### PROVIDED MATERIAL
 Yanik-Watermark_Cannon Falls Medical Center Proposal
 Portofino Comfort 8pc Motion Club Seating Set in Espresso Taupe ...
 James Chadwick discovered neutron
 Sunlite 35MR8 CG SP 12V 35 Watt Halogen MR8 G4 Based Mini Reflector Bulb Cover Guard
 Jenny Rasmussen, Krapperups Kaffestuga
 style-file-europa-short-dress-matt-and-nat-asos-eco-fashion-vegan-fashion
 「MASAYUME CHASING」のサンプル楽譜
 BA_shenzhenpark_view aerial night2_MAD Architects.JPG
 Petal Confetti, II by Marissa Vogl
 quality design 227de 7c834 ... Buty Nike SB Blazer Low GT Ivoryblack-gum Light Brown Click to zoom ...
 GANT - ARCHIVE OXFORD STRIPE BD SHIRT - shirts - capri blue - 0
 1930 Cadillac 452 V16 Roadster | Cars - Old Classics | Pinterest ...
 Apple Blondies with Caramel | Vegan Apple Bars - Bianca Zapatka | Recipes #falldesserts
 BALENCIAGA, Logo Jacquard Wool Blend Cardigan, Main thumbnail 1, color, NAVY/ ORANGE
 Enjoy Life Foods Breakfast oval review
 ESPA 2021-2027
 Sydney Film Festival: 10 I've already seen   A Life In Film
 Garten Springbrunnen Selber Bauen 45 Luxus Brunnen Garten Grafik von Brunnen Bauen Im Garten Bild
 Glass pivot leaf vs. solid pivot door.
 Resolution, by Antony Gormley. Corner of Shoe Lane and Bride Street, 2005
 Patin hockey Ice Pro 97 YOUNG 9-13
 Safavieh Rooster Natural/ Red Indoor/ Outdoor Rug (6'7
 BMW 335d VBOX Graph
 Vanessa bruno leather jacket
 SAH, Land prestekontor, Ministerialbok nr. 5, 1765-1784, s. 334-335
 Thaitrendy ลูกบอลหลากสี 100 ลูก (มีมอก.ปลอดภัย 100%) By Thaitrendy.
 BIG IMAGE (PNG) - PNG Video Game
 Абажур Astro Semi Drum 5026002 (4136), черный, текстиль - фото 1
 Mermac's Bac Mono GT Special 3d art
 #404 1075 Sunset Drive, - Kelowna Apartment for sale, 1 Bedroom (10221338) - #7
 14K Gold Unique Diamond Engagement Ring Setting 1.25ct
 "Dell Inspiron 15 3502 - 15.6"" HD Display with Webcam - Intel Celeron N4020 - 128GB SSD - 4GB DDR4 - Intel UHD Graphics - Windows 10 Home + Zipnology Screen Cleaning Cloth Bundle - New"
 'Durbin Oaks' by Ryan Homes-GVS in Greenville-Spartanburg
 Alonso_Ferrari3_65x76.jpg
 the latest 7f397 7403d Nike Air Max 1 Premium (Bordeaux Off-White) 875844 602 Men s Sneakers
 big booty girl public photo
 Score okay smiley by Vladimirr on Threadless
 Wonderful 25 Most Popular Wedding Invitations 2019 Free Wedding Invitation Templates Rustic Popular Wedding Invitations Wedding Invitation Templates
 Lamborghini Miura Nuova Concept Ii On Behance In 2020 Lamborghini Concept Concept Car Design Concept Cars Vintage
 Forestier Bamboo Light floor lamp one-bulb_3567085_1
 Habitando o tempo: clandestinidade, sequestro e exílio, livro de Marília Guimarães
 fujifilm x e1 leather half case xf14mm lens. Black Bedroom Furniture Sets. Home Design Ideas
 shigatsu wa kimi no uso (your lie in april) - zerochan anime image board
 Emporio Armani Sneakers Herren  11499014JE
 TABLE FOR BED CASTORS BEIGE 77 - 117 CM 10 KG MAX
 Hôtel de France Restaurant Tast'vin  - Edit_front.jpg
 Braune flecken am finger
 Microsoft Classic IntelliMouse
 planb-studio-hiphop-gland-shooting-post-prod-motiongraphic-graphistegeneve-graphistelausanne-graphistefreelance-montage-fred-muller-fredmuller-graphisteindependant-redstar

### WORK REQUIRED
Give again, word for word, the lines of the listing, starting at its first line and ending with the line containing "14K Gold Unique".

### TASK RESULT
 Yanik-Watermark_Cannon Falls Medical Center Proposal
 Portofino Comfort 8pc Motion Club Seating Set in Espresso Taupe ...
 James Chadwick discovered neutron
 Sunlite 35MR8 CG SP 12V 35 Watt Halogen MR8 G4 Based Mini Reflector Bulb Cover Guard
 Jenny Rasmussen, Krapperups Kaffestuga
 style-file-europa-short-dress-matt-and-nat-asos-eco-fashion-vegan-fashion
 「MASAYUME CHASING」のサンプル楽譜
 BA_shenzhenpark_view aerial night2_MAD Architects.JPG
 Petal Confetti, II by Marissa Vogl
 quality design 227de 7c834 ... Buty Nike SB Blazer Low GT Ivoryblack-gum Light Brown Click to zoom ...
 GANT - ARCHIVE OXFORD STRIPE BD SHIRT - shirts - capri blue - 0
 1930 Cadillac 452 V16 Roadster | Cars - Old Classics | Pinterest ...
 Apple Blondies with Caramel | Vegan Apple Bars - Bianca Zapatka | Recipes #falldesserts
 BALENCIAGA, Logo Jacquard Wool Blend Cardigan, Main thumbnail 1, color, NAVY/ ORANGE
 Enjoy Life Foods Breakfast oval review
 ESPA 2021-2027
 Sydney Film Festival: 10 I've already seen   A Life In Film
 Garten Springbrunnen Selber Bauen 45 Luxus Brunnen Garten Grafik von Brunnen Bauen Im Garten Bild
 Glass pivot leaf vs. solid pivot door.
 Resolution, by Antony Gormley. Corner of Shoe Lane and Bride Street, 2005
 Patin hockey Ice Pro 97 YOUNG 9-13
 Safavieh Rooster Natural/ Red Indoor/ Outdoor Rug (6'7
 BMW 335d VBOX Graph
 Vanessa bruno leather jacket
 SAH, Land prestekontor, Ministerialbok nr. 5, 1765-1784, s. 334-335
 Thaitrendy ลูกบอลหลากสี 100 ลูก (มีมอก.ปลอดภัย 100%) By Thaitrendy.
 BIG IMAGE (PNG) - PNG Video Game
 Абажур Astro Semi Drum 5026002 (4136), черный, текстиль - фото 1
 Mermac's Bac Mono GT Special 3d art
 #404 1075 Sunset Drive, - Kelowna Apartment for sale, 1 Bedroom (10221338) - #7
 14K Gold Unique Diamond Engagement Ring Setting 1.25ct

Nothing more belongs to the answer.